Effects of carbohydrates on pericarp colonization by R. solani.

Soil treatment with the antibiotics had no effects on pericarp colonization by the pathogen or on the effects of carbohydrates (Table 3). Glucose, fructose, or xylose did not exhibit suppressive effects on pericarp colonization whether or not the soil was treated with the antibiotics. However, the number for pericarp colonization for glucose or fructose as well as the nontreated slightly increased with the antibiotics, whereas the opposite was observed for xylose. In contrast, sorbose and peanut residue repressed pericarp colonization, resulting in significantly lower values than the nontreated only in the soil with the antibiotics. None of the hexoses or sugar alcohols tested in the second trial affected the pathogen colonizing the pericarp.

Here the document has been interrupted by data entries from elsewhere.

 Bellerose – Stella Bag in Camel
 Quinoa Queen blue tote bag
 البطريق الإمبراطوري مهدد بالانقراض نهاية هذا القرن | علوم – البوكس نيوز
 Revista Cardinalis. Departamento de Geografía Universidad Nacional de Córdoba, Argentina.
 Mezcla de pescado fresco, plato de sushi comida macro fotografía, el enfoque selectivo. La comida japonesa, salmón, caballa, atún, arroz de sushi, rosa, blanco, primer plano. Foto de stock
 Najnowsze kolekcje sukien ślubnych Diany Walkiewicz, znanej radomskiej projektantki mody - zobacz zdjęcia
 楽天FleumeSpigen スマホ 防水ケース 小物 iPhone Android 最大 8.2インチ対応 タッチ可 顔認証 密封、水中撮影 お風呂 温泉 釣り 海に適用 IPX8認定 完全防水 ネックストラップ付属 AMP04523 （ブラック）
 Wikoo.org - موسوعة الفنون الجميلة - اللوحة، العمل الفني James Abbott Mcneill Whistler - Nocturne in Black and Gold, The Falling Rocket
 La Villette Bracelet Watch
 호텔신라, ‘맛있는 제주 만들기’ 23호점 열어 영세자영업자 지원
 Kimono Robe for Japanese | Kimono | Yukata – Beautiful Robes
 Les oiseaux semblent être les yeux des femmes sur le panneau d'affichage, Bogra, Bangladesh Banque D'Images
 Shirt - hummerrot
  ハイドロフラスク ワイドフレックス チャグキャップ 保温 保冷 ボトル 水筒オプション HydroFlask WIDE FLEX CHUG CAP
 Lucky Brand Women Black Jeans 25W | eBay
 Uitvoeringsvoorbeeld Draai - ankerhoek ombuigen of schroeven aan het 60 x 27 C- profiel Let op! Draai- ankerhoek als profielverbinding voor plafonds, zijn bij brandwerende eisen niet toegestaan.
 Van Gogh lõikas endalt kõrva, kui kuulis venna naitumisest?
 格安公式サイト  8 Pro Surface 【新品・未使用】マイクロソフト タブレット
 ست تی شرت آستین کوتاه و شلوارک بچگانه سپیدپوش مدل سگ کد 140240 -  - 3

Table 3. Effects of monosaccharides and sugar alcohols added to the Rhizoctonia solani-infested pasteurized soil on colonization of sugar beet pericarp by the pathogen^v

	Numbers of pericarp colonization by R. solani (n = 6)w
	First trial
Added to the soilx	No antibiotics	With antibioticsy	Second trial
Nontreated	27.2 ab	37.6 b	63.8 B
Glucose	26.4 ab	33.1 b	47.0 B
Fructose	27.8 ab	42.5 b	−
Sorbose	5.7 a	3.4 a	−
Xylose	42.1 b	23.7 ab	−
Dried peanut residuez	4.6 a	7.4 a	−
Galactose	−	−	57.8 B
Mannose	−	−	50.5 B
Mannitol	−	−	60.6 B
Sorbitol	−	−	55.4 B
Xylitol	−	−	64.5 B
Not infested	−	−	0.0 A
Probability
Main effect (M)	<0.001		…
Antibiotics (A)	ns		…
M × A interaction	ns		<0.001

^vSugar beet seed were incubated for 48 h at 25°C in the pasteurized soil infested with the inoculum of R. solani at 0.1% (wt/wt).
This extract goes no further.